WORK ITEM: Leave out the images and repeat the listing below without a single change.

DATASET EXCERPT:

+---+

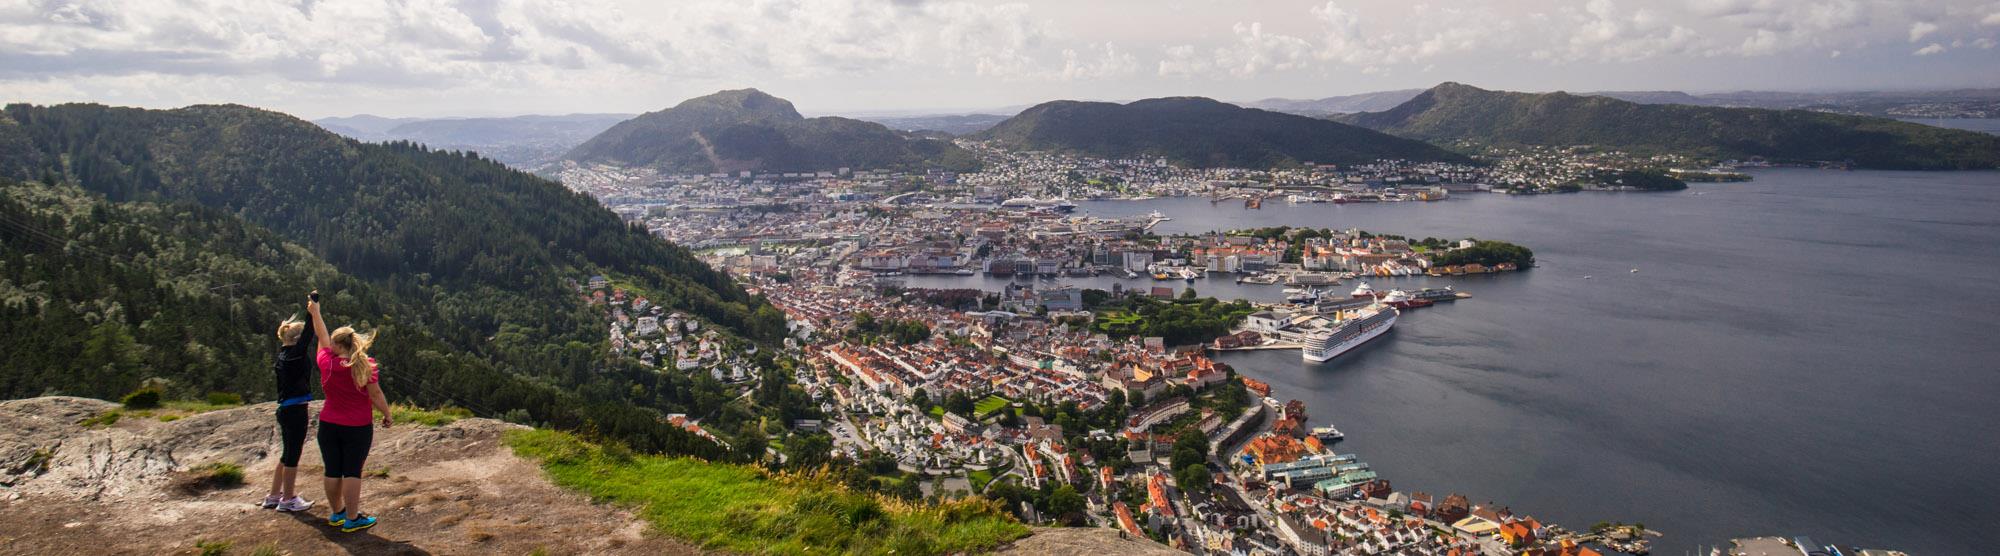 https://en.visitbergen.com/imageresizer/?image=%2Fdbimgs%2FStoltzekleiven-mountain-in-Bergen-Norway.jpg&action=Background_Overlay
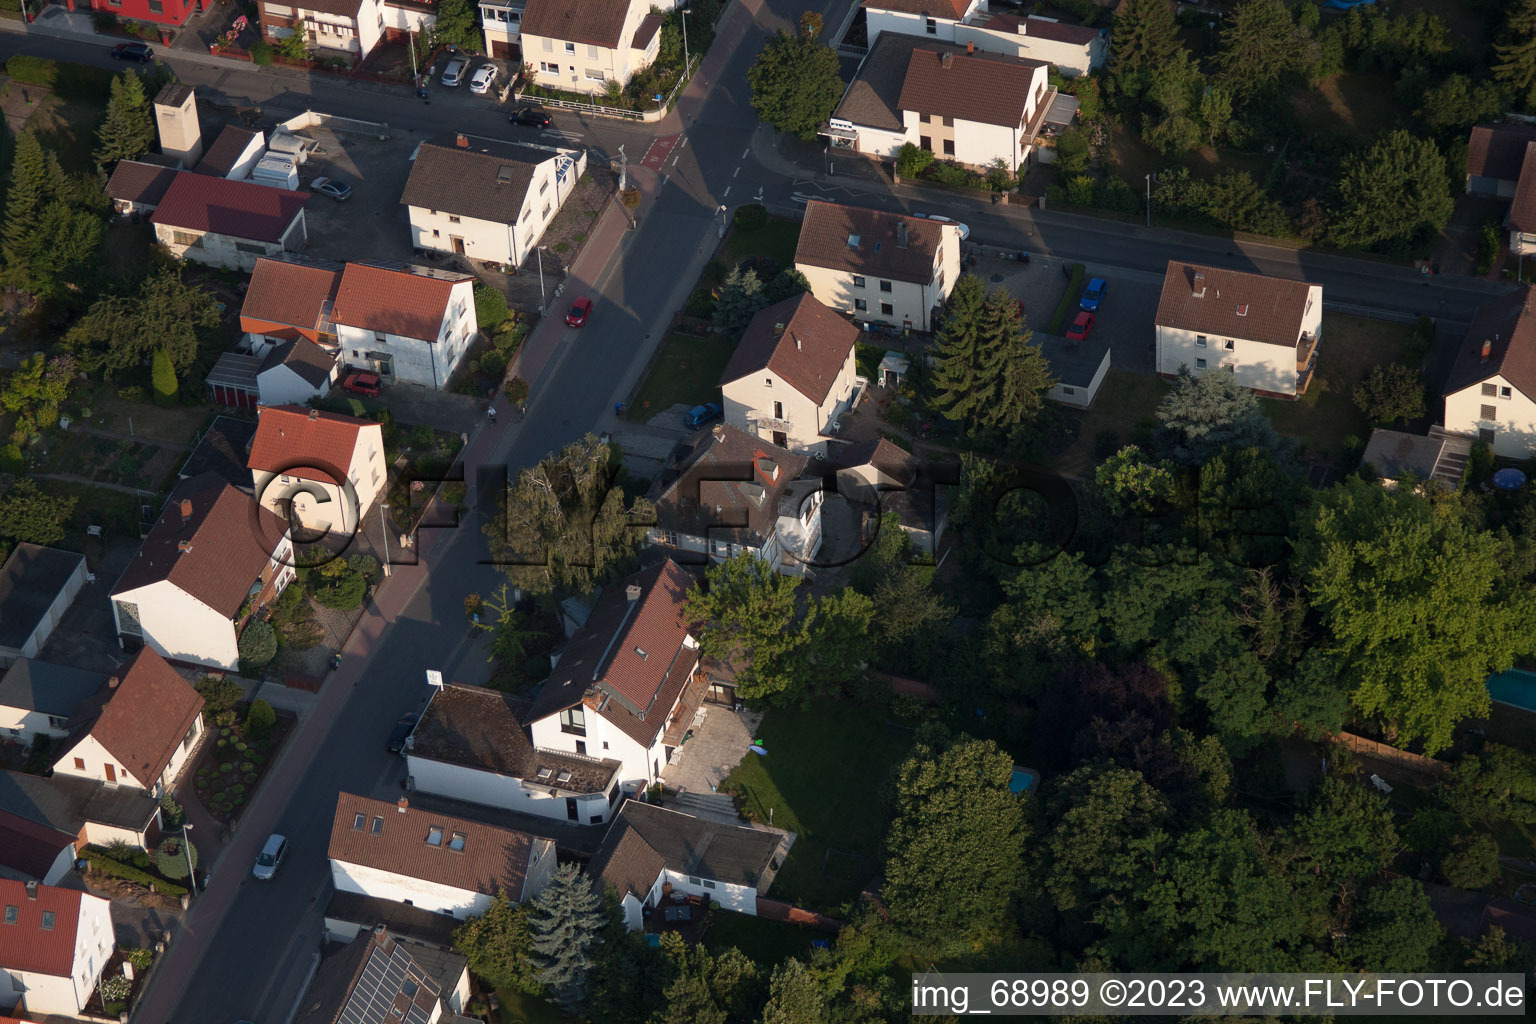 District Dannstadt in Dannstadt-Schauernheim in the state Rhineland-Palatinate, Germany from the drone perspective
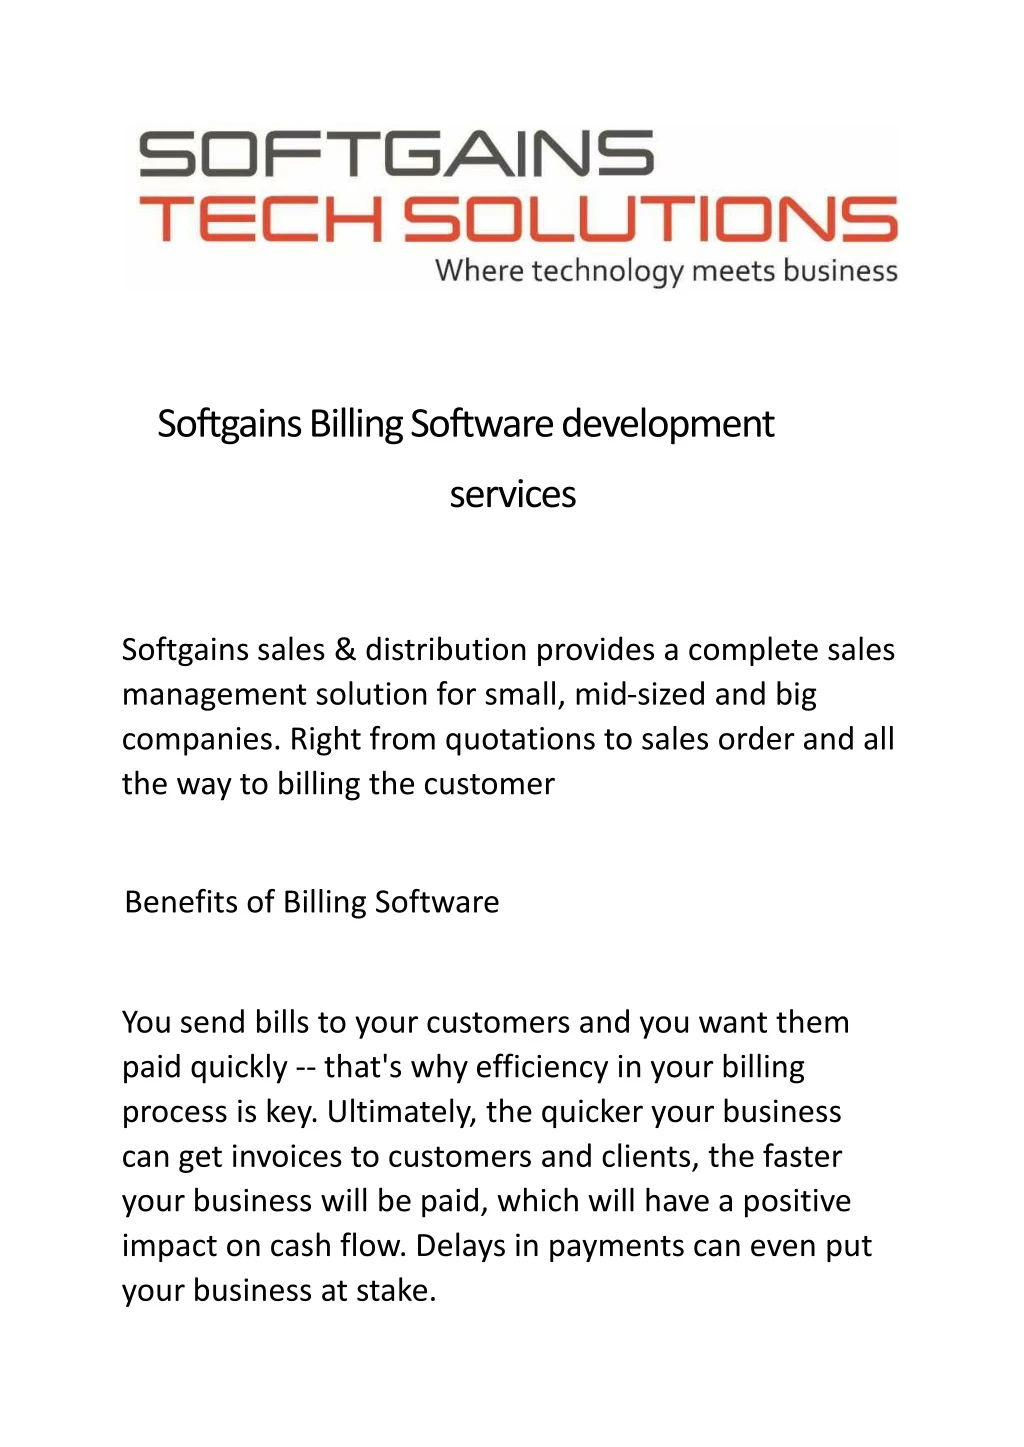 softgains billing software development services

+---+

EXPECTED ANSWER:
 https://en.visitbergen.com/imageresizer/?image=%2Fdbimgs%2FStoltzekleiven-mountain-in-Bergen-Norway.jpg&action=Background_Overlay
 District Dannstadt in Dannstadt-Schauernheim in the state Rhineland-Palatinate, Germany from the drone perspective
 softgains billing software development services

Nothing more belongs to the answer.